This repository will contain the official implementation of SLARM, a feed-forward model that unifies dynamic scene reconstruction, semantic understanding, and real-time streaming inference.
- [2026-06] 🎉 Training and evaluation code of SLARM is available now!
- [2026-04] 🎉 SLARM has been selected as a highlight paper!
- [2026-02] 🎉 SLARM has been accepted to CVPR 2026! Code coming soon!
- Fast, feed-forward, streaming inference, and self-supervised dynamic scene reconstruction from sparse multi-view sequences.
- Learns 3D Gaussian and scene flow jointly; supports real-time rendering (once Gaussians are generated) and semantic segmentation.
- SLARM achieves state-of-the-art results in dynamic estimation, rendering quality, and scene parsing, improving motion accuracy by 21%, reconstruction PSNR by 1.6 dB, and segmentation mIoU by 20% over existing methods.

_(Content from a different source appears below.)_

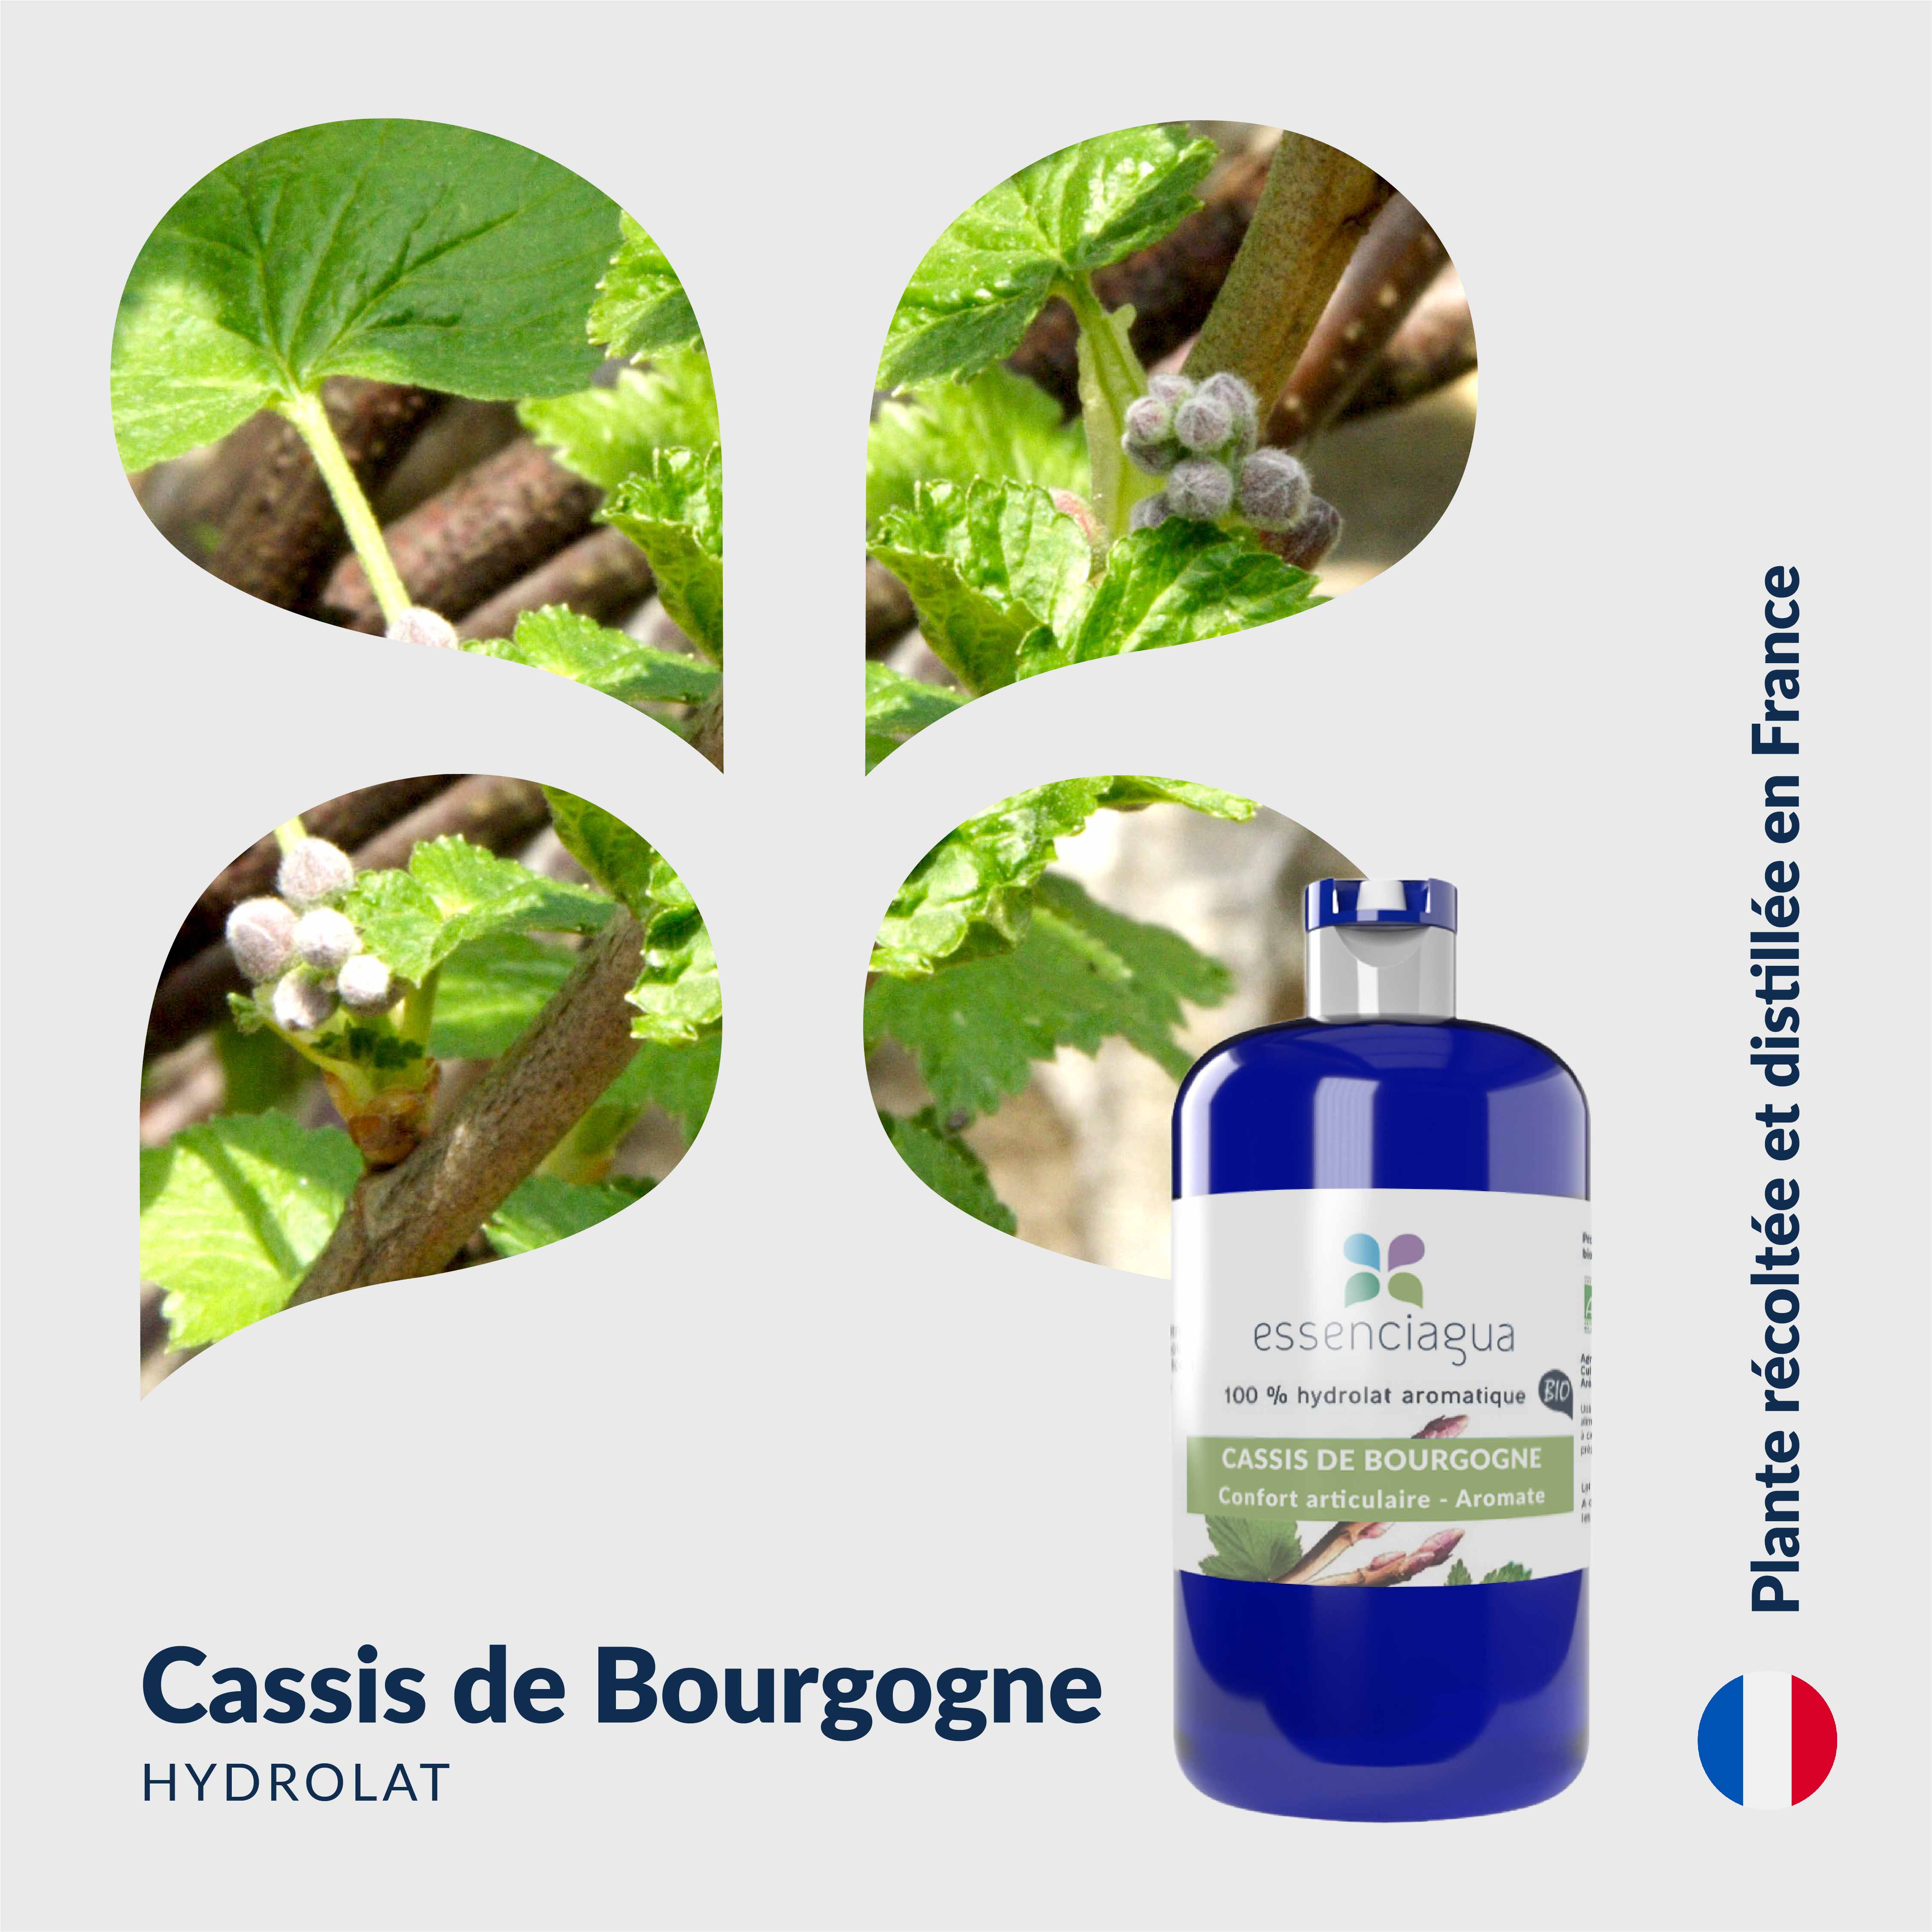 Focus de notre hydrolat Cassis de Bourgogne

Tested with PyTorch 2.1.0 and an Ascend 910C(A3) Tested with CUDA 12.1, PyTorch 2.3.1 and an NVIDIA A100/H800 (Replace the CUDA/PyTorch versions as needed for your environment)
# create conda environment
conda create -n SLARM python=3.10 -y
conda activate SLARM
# ======================================== for Ascend NPU ========================================
# Install PyTorch
pip install torch==2.1.0 torchvision==0.16.0 torchaudio==2.1.0
# Install torch-npu
# Choose the correct torch_npu version based on the corresponding torch and cann versions.

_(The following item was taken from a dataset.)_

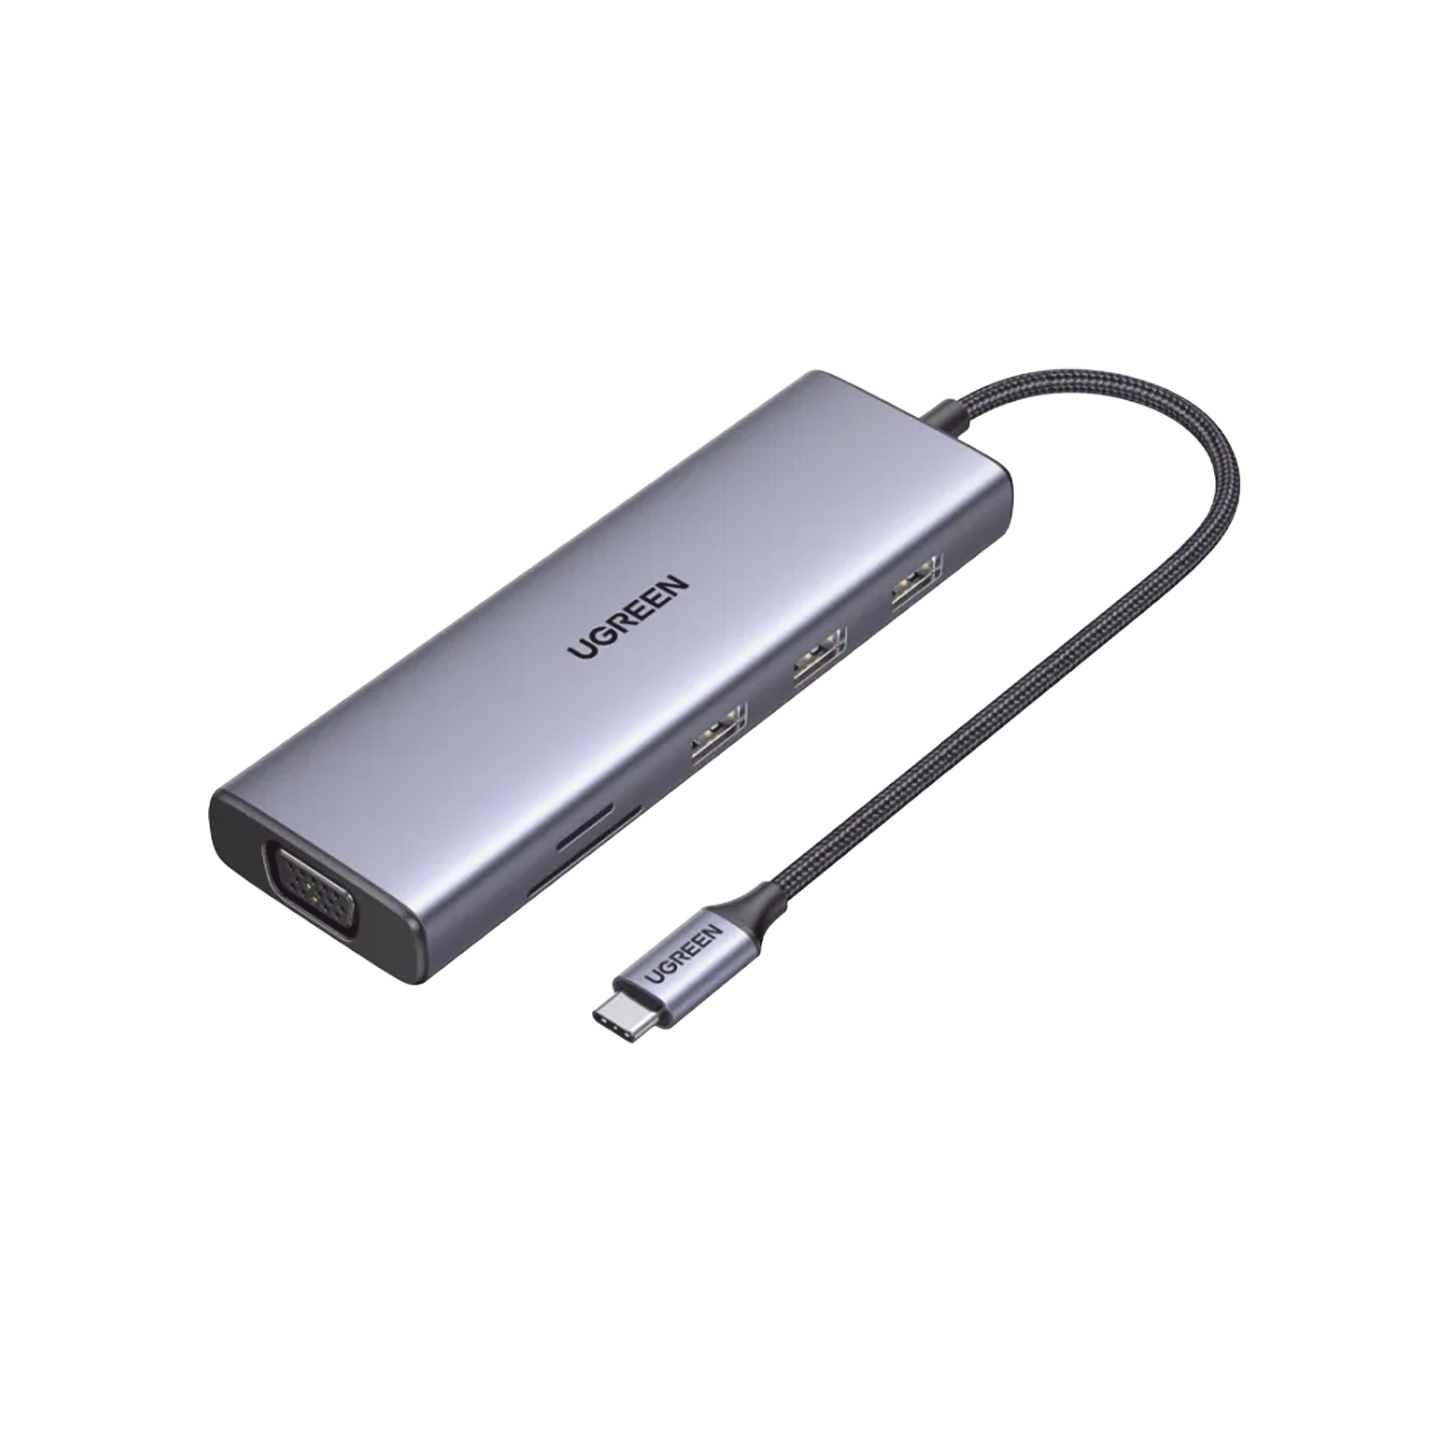 HUB USB-C (Docking Station) 9 en 1 | 3 USB-A 3.0 | USB-C PD Carga 100W | HDMI 4K@30Hz | RJ45 (Gigabit Ethernet) | VGA | Lector Tarjetas SD + Micro SD (TF) Uso Simultáneo | Chip de Última Generación | Caja de Aluminio.

# ref: https://gitcode.com/Ascend/pytorch
# cat /usr/local/Ascend/ascend-toolkit/latest/aarch64-linux/ascend_toolkit_install.info
# e.g.: version=8.2.RC1
pip install torch-npu==2.1.0.post13
# Optional: Differentiable Voxelization
pip install torch-scatter==2.0.9
# Install meta_gauss_render, specific versions supported by torch 2.1.0 and Ascend 910C(A3)
You can refer to our 3DGS code specifically adapted for the Ascend hardware, and then build from source. https://gitcode.com/cann/cann-recipes-spatial-intelligence/blob/master/algorithms/gaussian_splatting/README.md
# Install python dependencies
pip install -r requirements_npu.txt
# Install CLIP for semantic alignment
pip install git+https://github.com/openai/CLIP.git
# ======================================== for NVIDIA GPU ========================================
# Install mamba for faster installation
conda install mamba -n base -c conda-forge
# Optional: When gsplat compilation fails due to g++ version or CUDA toolkit issues.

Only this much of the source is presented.